2) Install Fairseq. This step requires to clone the Fairseq repository and make certain setups to use a specific version of the repository that enables the use of Intel® Extension for PyTorch\* and Intel® Neural Compressor.
3) Install rVAD, PyKaldi, kenlm and Flashlight. In this step, the next set of tools is installed: E-Speak, rVAD, PyKaldi, kenlm and Flashlight. These packages are required to accomplish the preprocessing of audio and text data, the unsupervised adversarial training, and the inference with the trained GAN model.
4) Download LibriSpeech ASR Corpus and Leipzig Corpora Collection. The speech audio data and the text corpus are downloaded in this stage. For more information about these datasets, see this [subsection](#datasets).
5) Download Pre-trained Models for Audio and Text Preprocessing. In order to obtain useful audio representations, a simpler version of the wav2vec 2.0 model is downloaded. In the case of the text data, it is preprocessed using a pre-trained fasttext LID model called *lid.176.bin* [[9]](#joulinb_2016)[[10]](#joulinf_2016).
6) Create Manifest File for Training Set. In this stage, the audio training set is defined in a *tsv* file using the LibriSpeech dataset downloaded in step 4.
7) Remove Silence. Using the rVAD library installed in step 3, a voice activity detection takes place with the aim to remove unwanted silence sections present in the audio training set.
8) Create Manifest File to Split Silence-Free Training Set. Now that the audio training set is defined and the silence sections have been removed, this training set is split to create a validation set.

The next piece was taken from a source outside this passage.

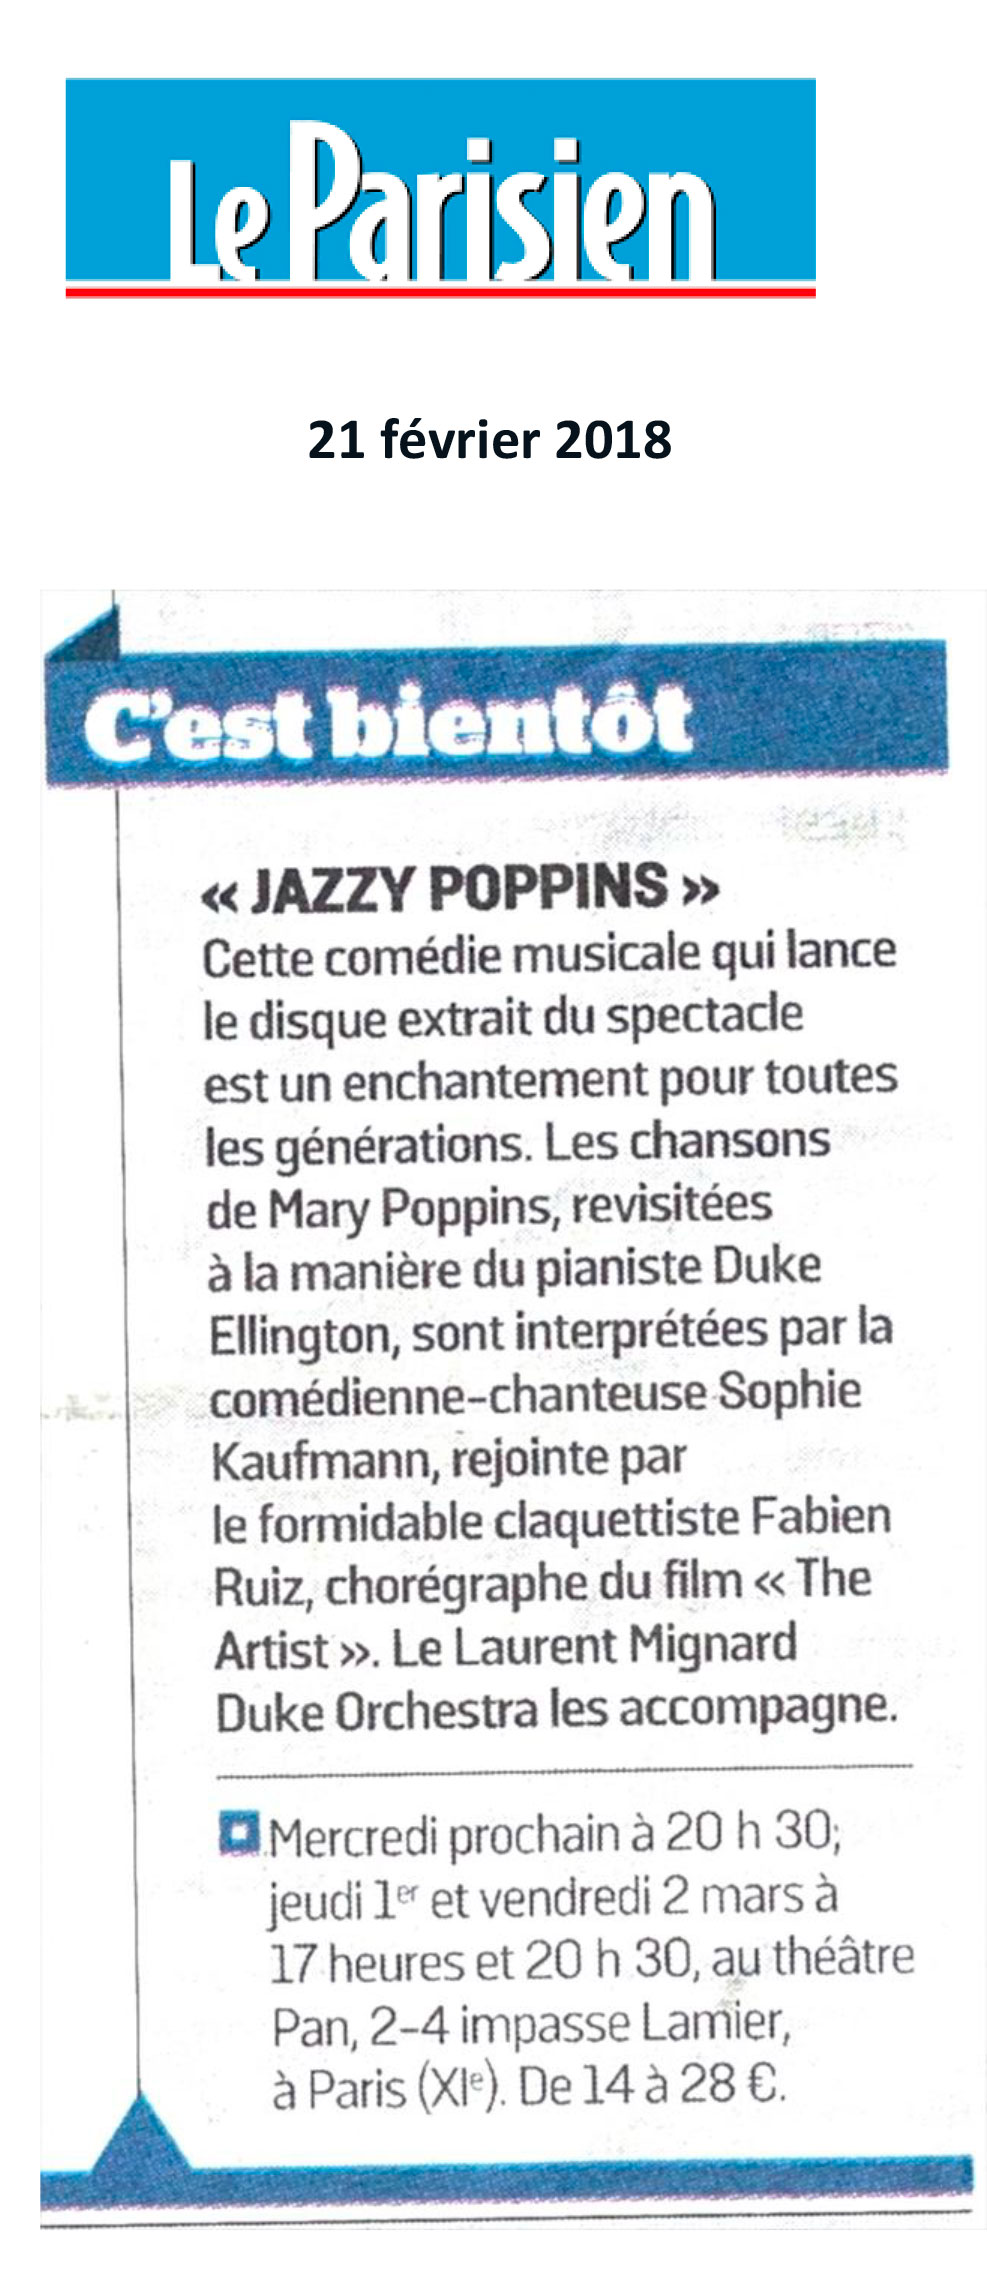 Le Parisien - Février 2018 - Jazzy Poppins

9) Audio Data Preprocessing. A feature engineering process is conducted on the training and validation set generated in step 8, producing segmented representations. Here is precisely where the Wav2vec-U pipeline starts its execution as explained in the [Speech to Text Conversion Using the Wav2vec-U Framework](#speech-to-text-conversion-using-the-wav2vec-u-framework) subsection.
10) Text Data Preprocessing. The text corpus downloaded in step 4 is converted into phonemized text.
11) Unsupervised Adversarial Training Using Intel® Extension for PyTorch\*. In this stage, the Generator is fed with audio segmented representations, and during training, it learns to map these sequences into phonemes. Then, the Discriminator takes as input either the sequence of phonemes produced by the Generator or the sequence of phonemized text and is trained to indicate how likely the input sequence of phones is to be from the text data or from the audio signals. Intel® Extension for PyTorch\* is applied in this stage to boost the training performance.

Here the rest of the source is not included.